Online space for queer Desis

The Gaysi (Gay Desi) family is an online space and E-zine for queer Desis based in Mumbai.

==History==
A website for gay Desis across the world, it began in November 2008 by MJ and Broom when they realized that India had a scarcity of quality online queer content. “The aim was to make you feel like you’re not the only one. The coming out process for any individual is never easy. After all, it is family and society one has to come out to,” says MJ. The idea behind Gaysi Family was to provide a platform for queers. Today, the website features opinions, personal stories, fiction, erotica, news about LGBT developments in India and across the world, book and film reviews. Some of the popular topics include ‘Coming Out’, ‘Aam Gaysi interviews’, ‘Homophobia’ and IPC 377.

==Publication and content==
Gaysi Family provides a platform for the LGBT community from the Indian Subcontinent to express their views, share their coming out stories, poems, erotic fiction, book reviews, movie reviews or event notices. Additionally, they also interview popular queers and straight allies. A new section called the "Writer's Bloc" was launched, which hopes to translate diverse queer literature from Indian regional languages into English and vice versa.

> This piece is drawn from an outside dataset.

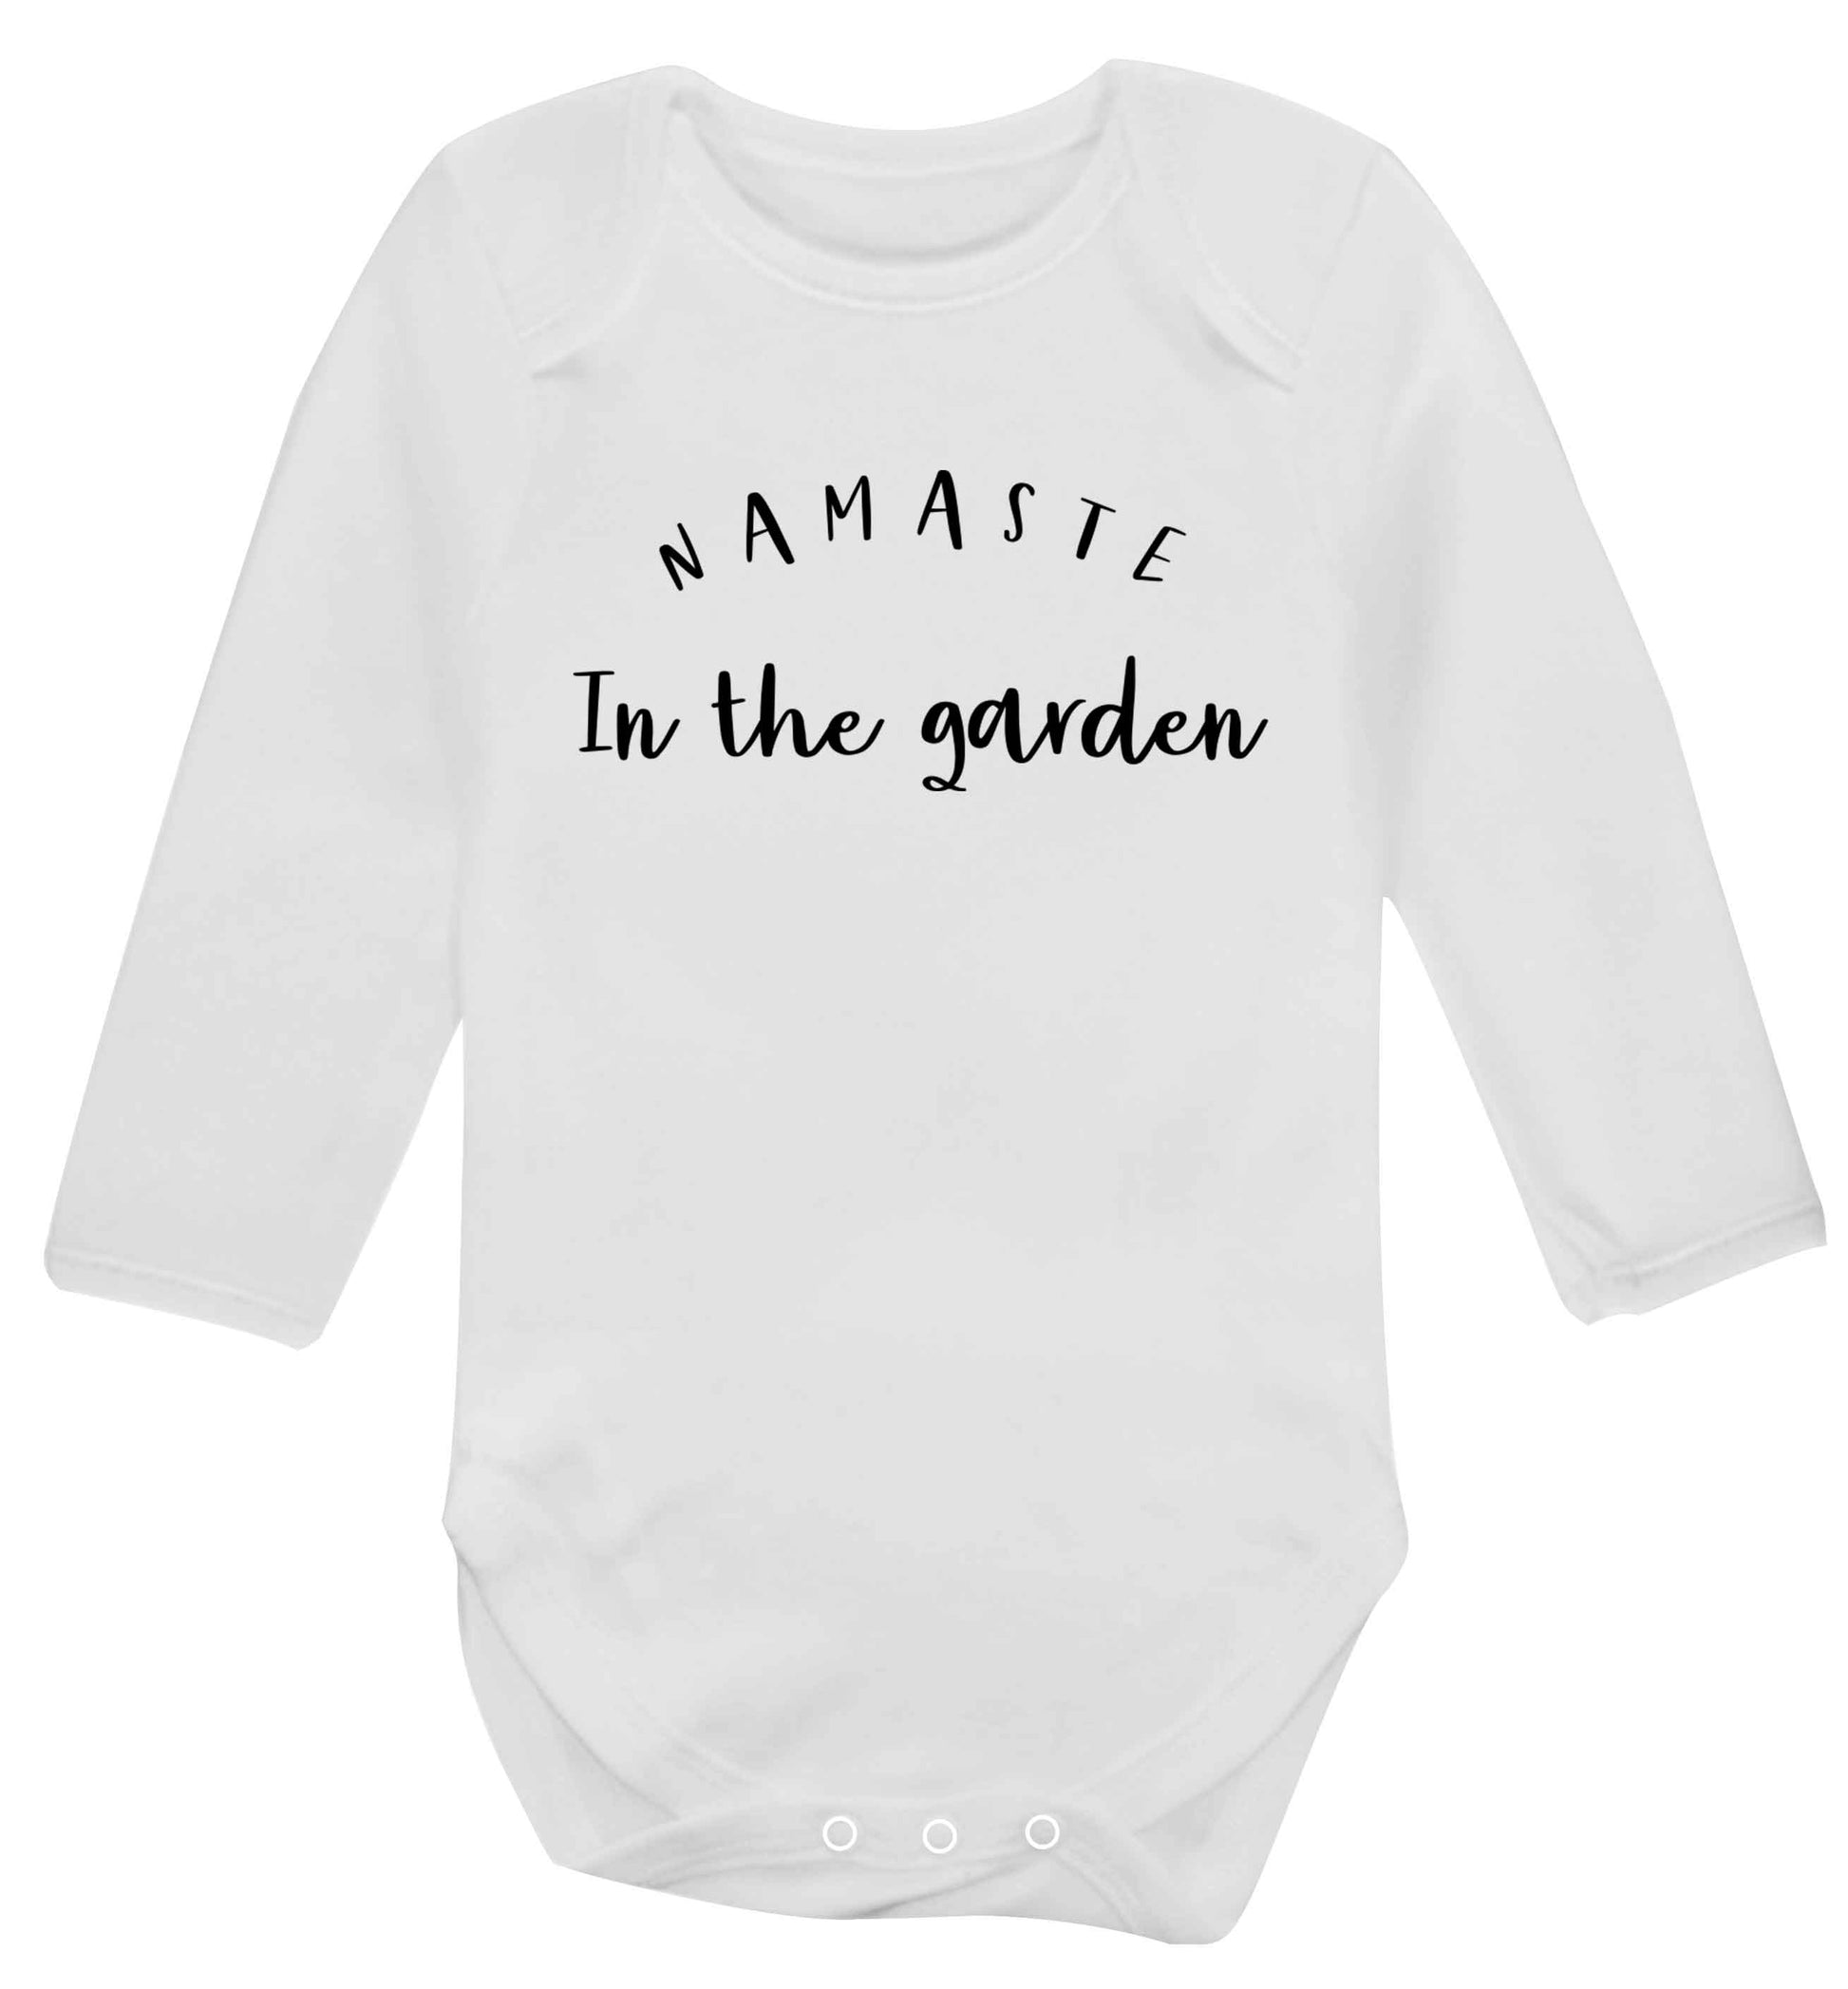 Namaste in the garden Baby Vest long sleeved white 6-12 months

In 2013, Gaysi Family launched its queer journal called The Gaysi Zine, a magazine dedicated to curating content about what it means to be gay and desi {=Gaysi}—gender or labels notwithstanding. The magazine was launched on 28 November at the lawns of Goethe-Institut, Max Mueller Bhavan, New Delhi. The panel included Parvati Sharma, who is the author of "The Dead Camel and Other Stories of Love", Arunava Sinha, who is the translator of classic, modern and contemporary Bengali fiction and nonfiction in English. Pramada Menon, who is the co-founder of CREA, and now consultant on gender and sexuality, Priya, the Editor of The Gaysi Zine and co-director of The Gaysi Family, and Antara Datta, a lecturer of English Literature at Delhi University.

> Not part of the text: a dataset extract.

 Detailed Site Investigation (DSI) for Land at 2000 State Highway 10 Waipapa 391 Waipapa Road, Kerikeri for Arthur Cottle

They also sponsored a video titled "Happy in Gaysi Land" featuring famous gay activist Harish Iyer. The video showcases Indian queers dancing happily to the tune of "Happy" by Pharrell Williams, after the events of Indian's ban on same-sex relations. Shot over a 48-hour period, the video features Indian LGBT residents dancing all over Mumbai in an effort to engage in "a different form of activism."